Par curiosité, je l'ai interrogé.

Douloureusement, il m'a répondu :

« Je suis mort sans que pour moi sonne le glas. »

Traduite et adaptée de Vitti ‘na crozza, chanson traditionnelle sicilienne

*

* *

* *

[Entre Catane et Taormine, 2208]

La mort a le visage d’une N-GE. Conçue en cuve, cette cruelle génétique est une beauté éthérée qui n’appartient pas à leur monde. Autour d’elle orbite toute une bibliothèque d’un autre millénaire. Juvénile pourtant, si gracile, sa sérénité laisse lire une autre vie ; une existence belliqueuse. Sa blancheur de statue rayonne d’une lumière artificielle, crue, presque virginale mais douloureuse. Des interstices de lames sous-cutanées courent sur ses avants bras sec et nus. Prêt à se déployer et à trancher. L’albinoïde veille, sa main veinée de bleu posée sur le dossier de don Elmo Bianchi. Celui-ci feuillette un authentique livre, confortablement intronisé dans son fauteuil et sans considération pour son invité.

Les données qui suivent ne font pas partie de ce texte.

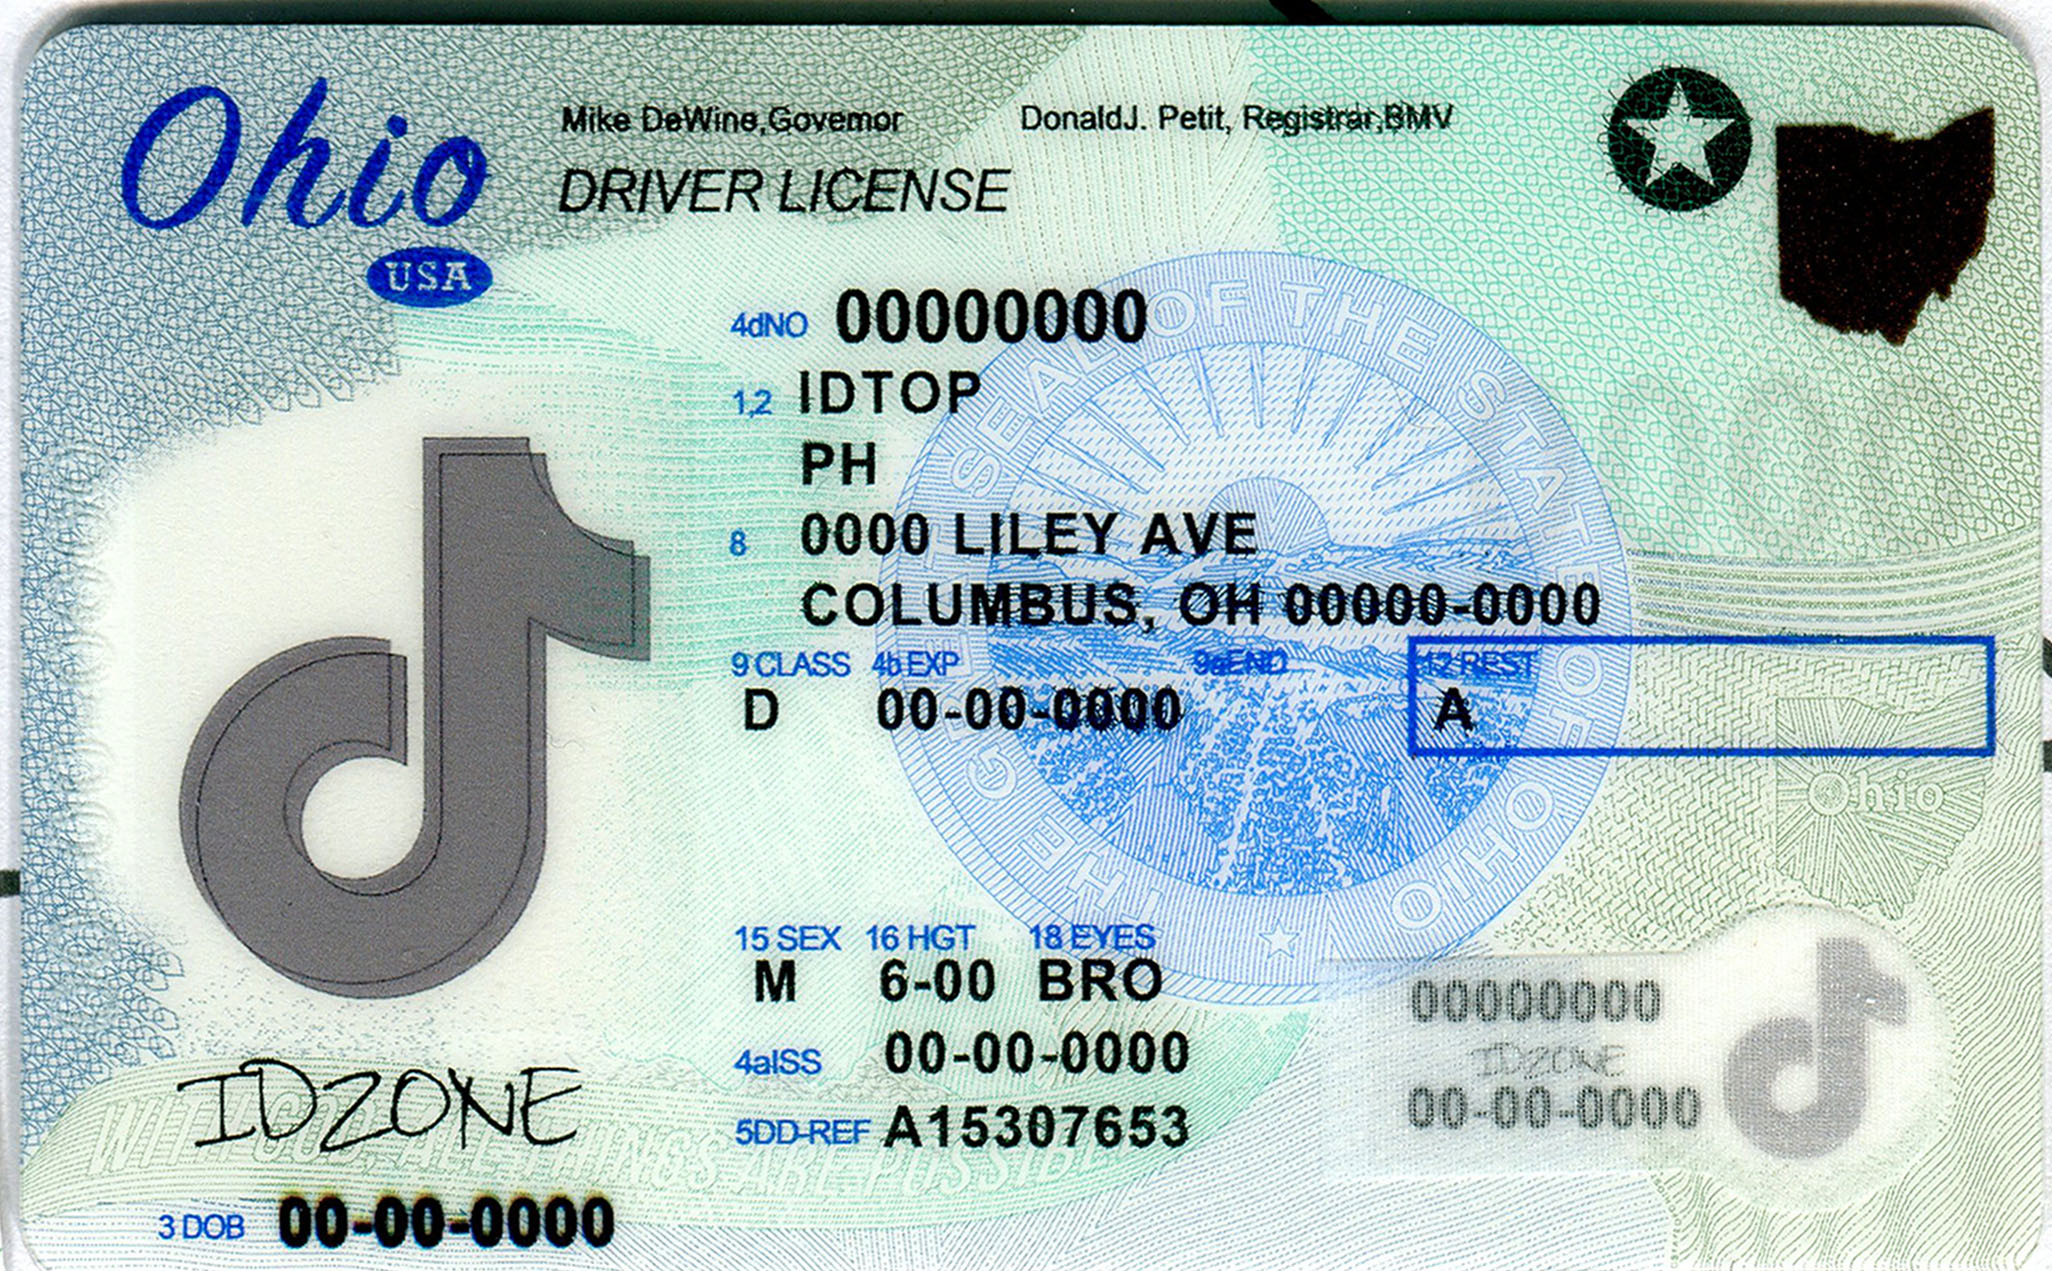 OHIO-New fake id

À genoux et à poil, Volpino renifle un goût ferreux dans l’odeur du cuir et du papier. La bâche sous lui ne le rassure pas du tout. Pas plus que le sourire torve de l’N-GE sous ses lunettes masque – ce regard qu’il n’ose chercher. Voici qu’il s’égare dans ses boucles blanches qui tombent en volutes le long de ce corps affuté, ce torse plat, ces jambes élancées, jusqu’au ras du sol où il est prosterné. Elle lui semble flotter. Et dans sa suspension, il perd aussi la notion du temps.

Elle ricane :

— Il a l’air mignon et obéissant. Et il n’aboie pas.

— C’est un petit futé, souligne le parrain en tournant une page. Assez pour pas pisser sur le tapis.

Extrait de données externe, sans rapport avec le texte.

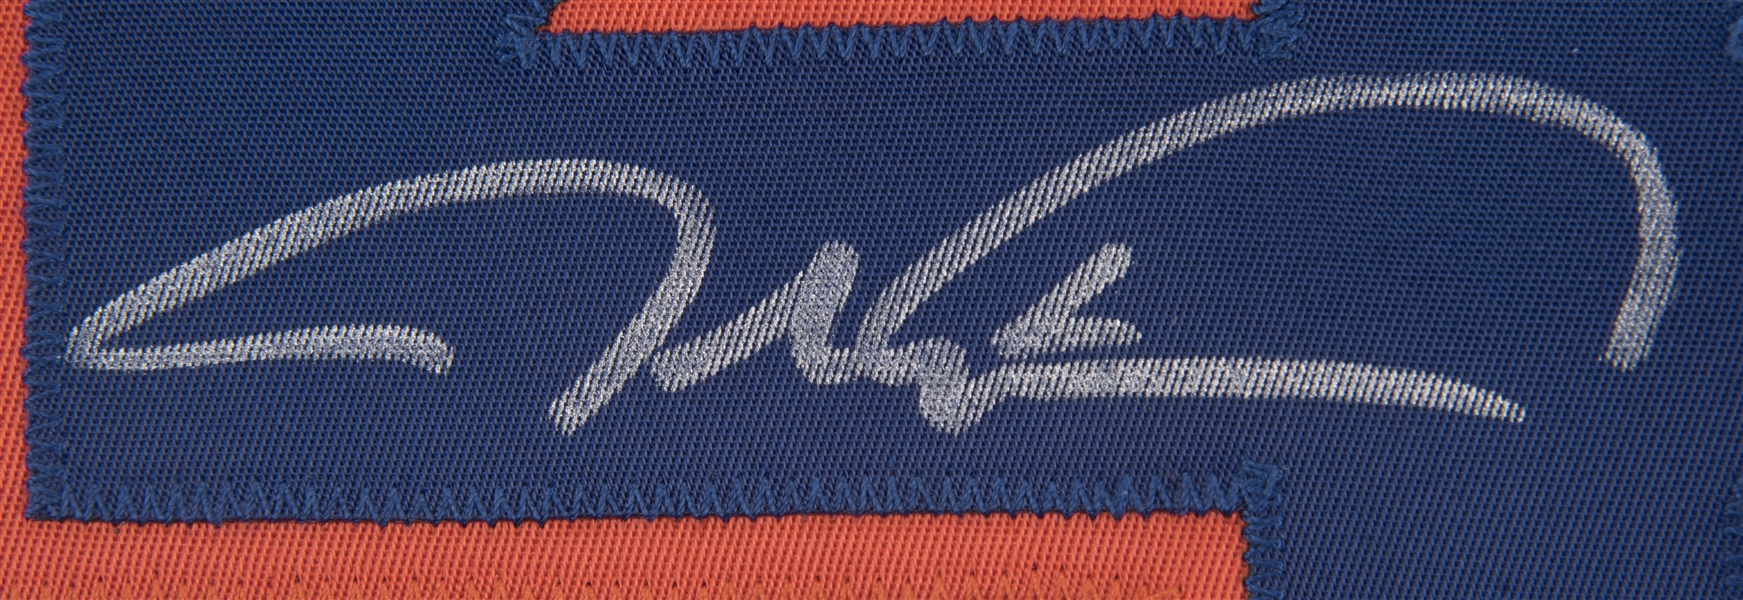 Jacob Degrom New York Mets Autograph Signed Custom Framed Jersey Grey –  MisterMancave

Volpino inspire et libère ses mains de ses parties pour feindre une contenance. Impossible de se débiner maintenant. Sa place de chef des Arculeo, il l’a arrachée avec les dents. Il déballe :

— Cette guerre contre les Caponi, c’est du gaspillage de fric et de main-d’œuvre. On pourrait mettre en commun et dégager la Krovavaya. Et le port de Midipolia sera à nous. Rien qu’à nous.

L’N-GE éclate d’un rire cristallin. Volpino encaisse sans broncher, craignant qu’un geste parasite lui coûte sa tête. L’arrangement n’en est pas un. Personne n’est dupe. S’entre-tuer ou se faire avaler par la Stidda. Les Bianchi n’ont aucun intérêt à laisser les Caponi grossir plus qu’eux. L’équilibre tripartie reste le meilleur compromis.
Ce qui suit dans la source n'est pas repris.